I once had a big argument with an acquaintance (I'd never call us friends, though we got along okay usually). We both apologized and put it behind us. A few weeks later, in a conversation between a whole group of us, he grinned at me and parroted a line I had used in that big argument (a rather melodramatic one). He meant it in good faith, as a friendly joke, but I was still ashamed and turned away briefly. Silence rather than a grin or joking response. We never became friends (though we certainly weren't enemies) and we lost contact when the group (this was in school) broke up when school finished. I've always regretted it, because I've always had the strong feeling that I blew the chance to bring our relationship from casual acquaintance into actual friend. He reached out to me to make that connection, and I turned away. That was the moment that either took our relationship to that next step or let it stagnate and never achieve anything. And because to me all strong emotion is retained- my emotional memories never really leave me in the first place, but remain "present"- I'm always quite accutely aware of the missed opportunity. I regret that instinctive shamed response.


{{{{hug}}}} That's some incredible insight. And how to this day you remember that and think about it deserves another {{{hug}}}

Too many. I'm not even sure I should be posting on this message board right now.

:lol: Morning coffee spew!!!!! :lol:

A couple of years ago I was in a cantina waiting to meet some friends. This guy introduced himself and offered to buy me a drink, the cantina wasn't exactly a singles bar, but I had let myself hook up with guys there before. However my friend were due soon so I politely turned him down. Hours later I leave a little drunk and this guy grabs me and beats me up with a brick. If I had accepted a drink or two, excused myself after the arrival of my friends maybe things would have been different, truth be told he was hansom (that's what I told the police) and I had almost said yes.

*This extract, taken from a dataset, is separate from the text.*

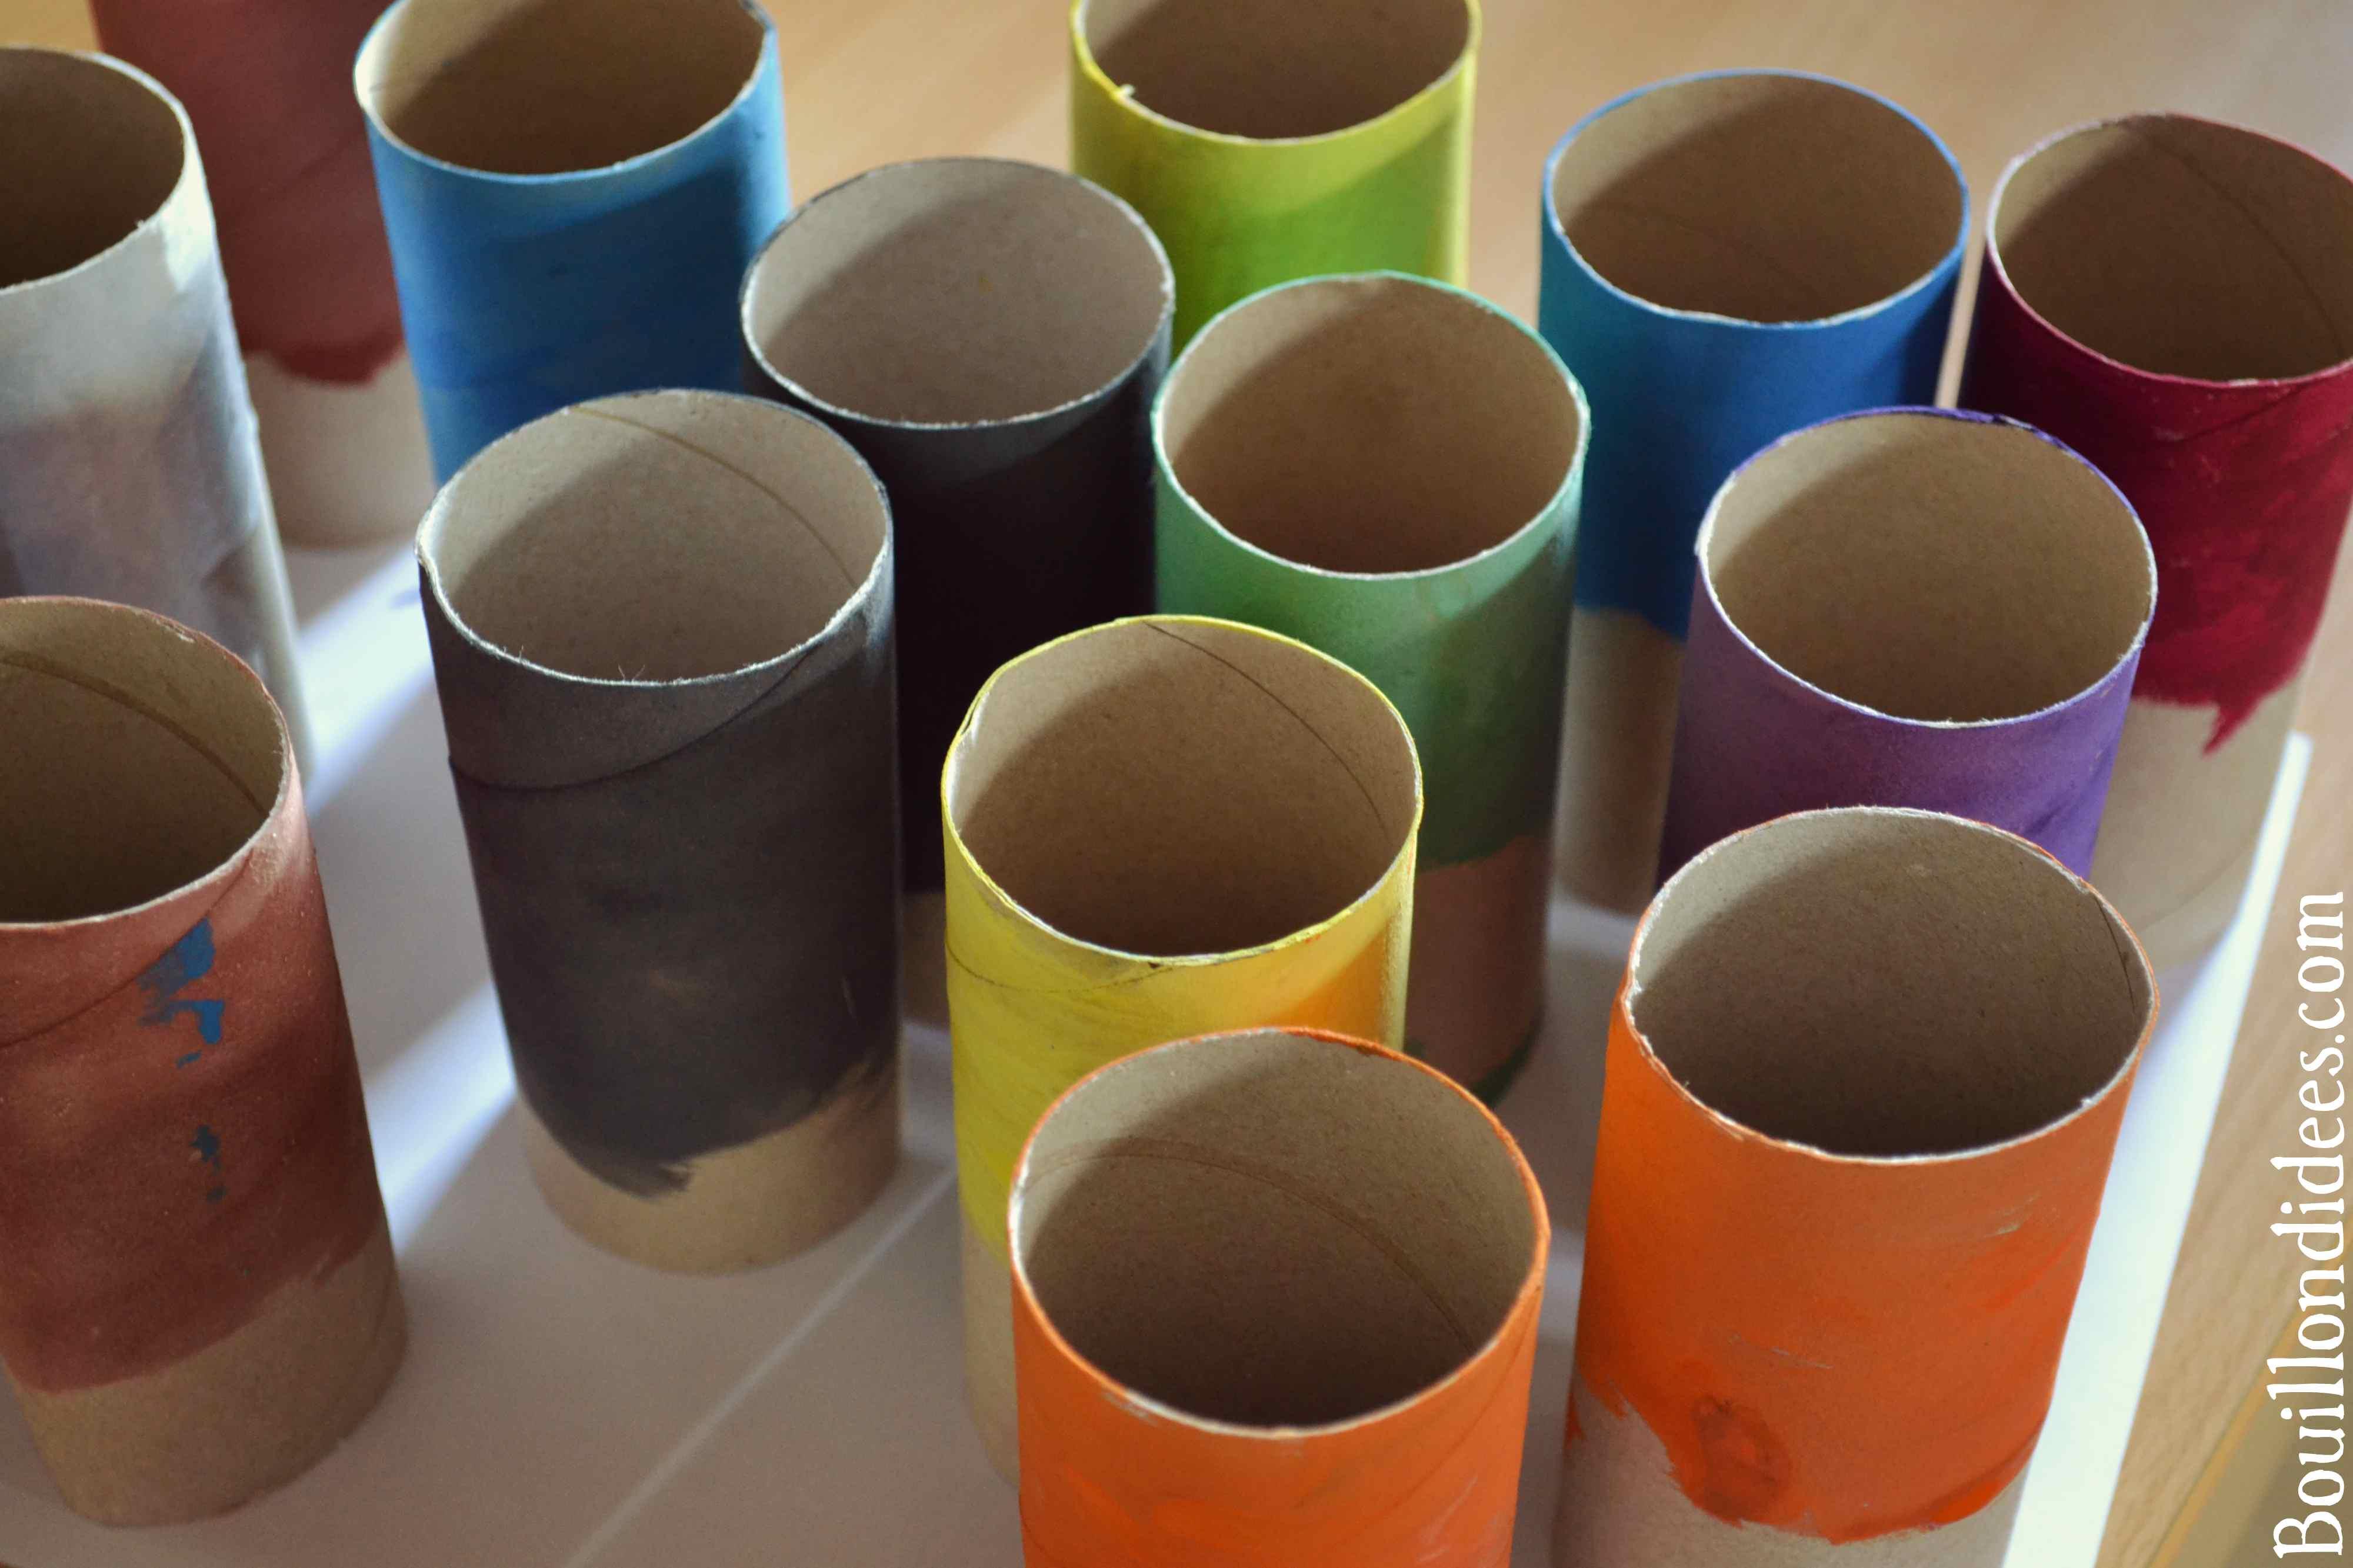 cr er un pot crayons diy rentr e rangement. Black Bedroom Furniture Sets. Home Design Ideas

My nose looks much prettier now.


{{{{{massive hugs}}}}


This is such an amazing thread.
 
mine big one would be if i decided to stick with my origional choice of university.
i choose manchester but decided to go to Leeds.
that would of been a big changer as i would of stayed at home for mancheter and moved away for leeds
 
There are many of these moments in my life...

For instance, when I was 13, my parents asked me if I was interested in going out one evening and learning about a youth organization. If I had turned them down, I wouldn't have joined, and wouldn't have met the truest friends in my life. One of these friends eventually married my sister, and they are now raising two wonderful children.